13章-3:私が求めたチカラ
……………………そういうわけで。
ここまで続けてきた対話を中断してそれぞれの行動に移ったわけだけれども。
本当にこれでよかったのだろうか。
私の大切な人の後ろ姿がまた、ものすごい速さで遠のいていく。
光が降り注ぐ夜の森の中。
私はまだ、冷たい地面にへたり込んだままでいる。
きっと、これが正解なんだ。
そうです、今狙われているのは私なんだから、私が安全なところに隠れているのが当たり前。洋斗君がこれを望んでいるんだから。私のことをあんなにも想ってくれているんだから、その思いを無駄にする訳にはいかない。
それが最適解であるという根拠はアホな私の頭でもたくさん浮かんでくる。
───なのに。
なぜ私は後ろに向かって走り出せないんだろう。
この胸の中に渦巻いてるモヤモヤした気持ちは、一体何?
どちらにも動けずにいると、
『ユリア・セントヘレナさん』
どこからか声が響いた。
「わひゃぁッ!!??」
当然、ユリアは驚く。
『聞こえますか?聞こえていたら…………と、その揺らぎ方だと伝わっているようですね。本当に貴方の感情は単純───失礼、純粋で分かり易い』
「は、はへ…………!?」
頭が振動するように直接声が聞こえてくる。もちろんキョロキョロとあたりを見回しても誰もいない。
『残念ですが驚いている暇はありませんので簡潔に。私の名前はラファエル、『神の薬』の名を冠し熾天使の一角として主の側に仕える者。そして───11年前、森を彷徨う貴女に神通力を与えた天使です』
「え……………………あの『てんしさん』!?」
生きる力を失いかけていた私に息を吹き込んでくれた『てんしさん』、そんな命の恩人との11年ぶりの再会にユリアは驚きを隠せない。
『フフフ、てんしさんとは随分と可愛らしいですね』
無邪気な子どもに向ける優しさを含んだ笑み。だが、その笑声はすぐに憂いに身を隠した。

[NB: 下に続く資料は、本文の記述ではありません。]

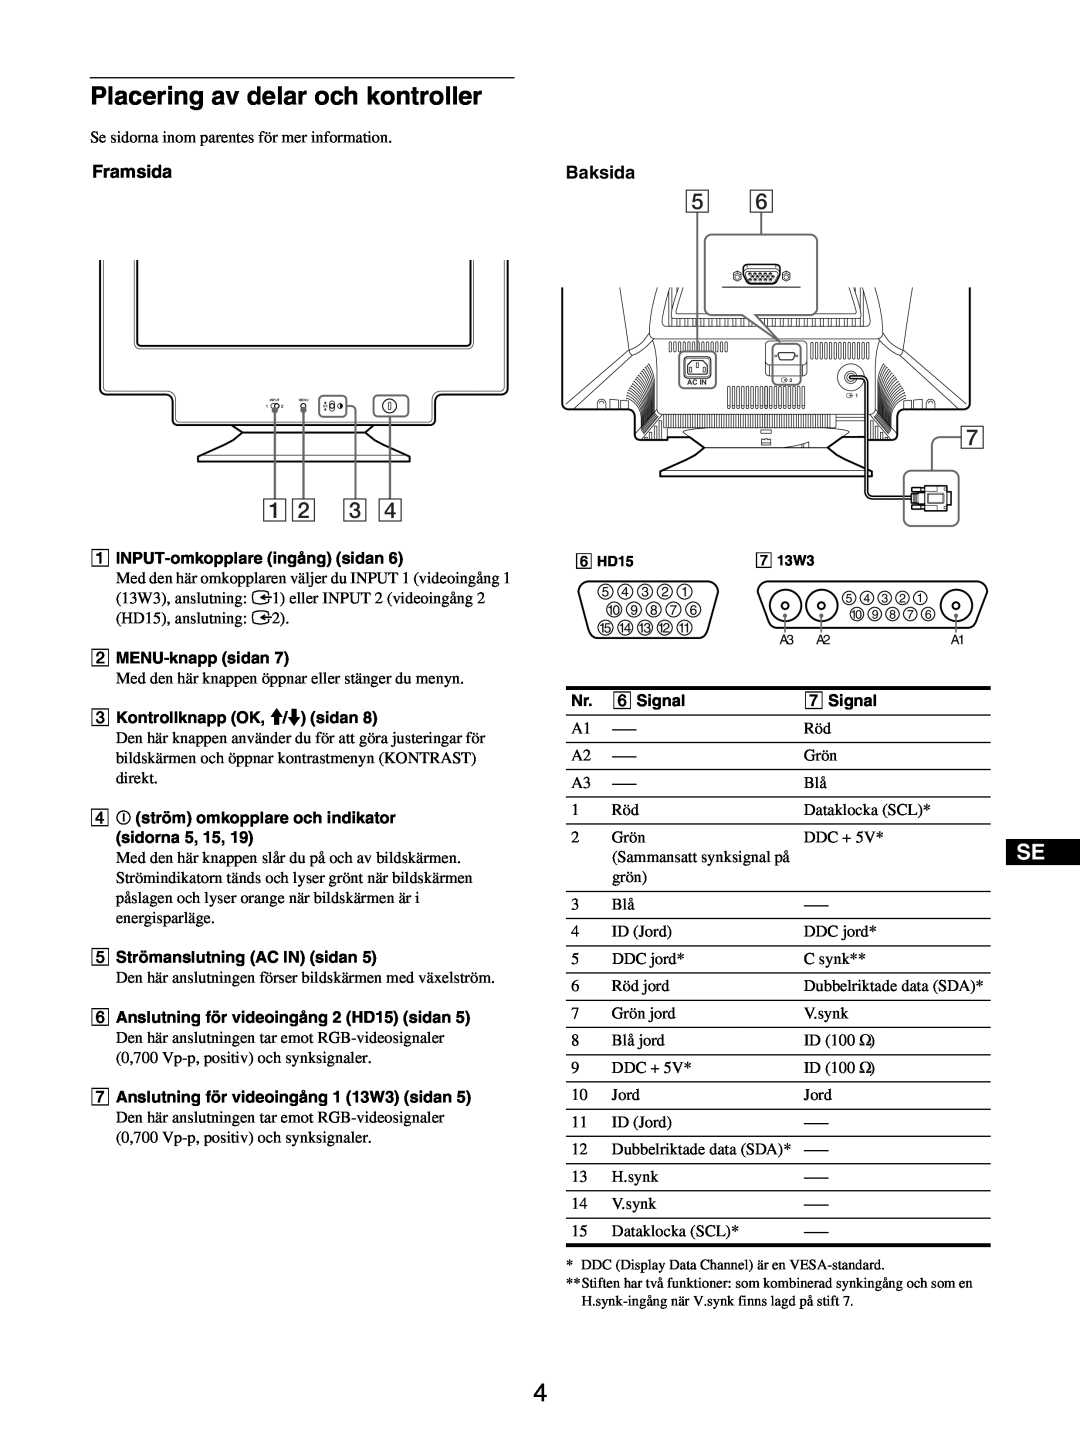 Sony GDM-5510 operating instructions Placering av delar och kontroller, 12 3, Framsida, Baksida

『まず、貴女に謝らせてください。私の浅はかな行動のせいで、貴女に計り知れないほどの苦難を背負わせてしまいました。私はもっと優れた道を探すべきだった。私達の力が一つの世界にどれだけの歪みを生むか、それをもっと見つめ直すべきだったのです。その上その不手際を、あろう事か受け取っただけである貴方に全て押し付けてしまいました』
「……………………」
『…………謝罪の文程度でこの罪と釣り合わないことは承知しています。貴女だけではありません、貴女が愛するたくさんの人々を巻き込んでしまったのですから。たとえ赤熱した鉄の上に膝を付いて頭を下げても、この罪が消えることなどないでしょう』
「……………………ラファエルさんは、こうなる事を知っていたんですか?」
『我が主に誓ってそれだけはありません!こんな事態になると解っていたのなら、私は…………!』
脳に響く声には確かな真剣さと誠実さが聞いて取れた。
「…………それなら、仕方ないですね」
『……………………え?』
「だって、解らなかったならどうすることもできないじゃないですか。それよりも今のことを考えましょう」
『……………………』
言葉ではそう言っている。しかしその言い回しに「今更そんなこと聴きたくない」という副音声が含まれている───そうラファエルは感じ取った。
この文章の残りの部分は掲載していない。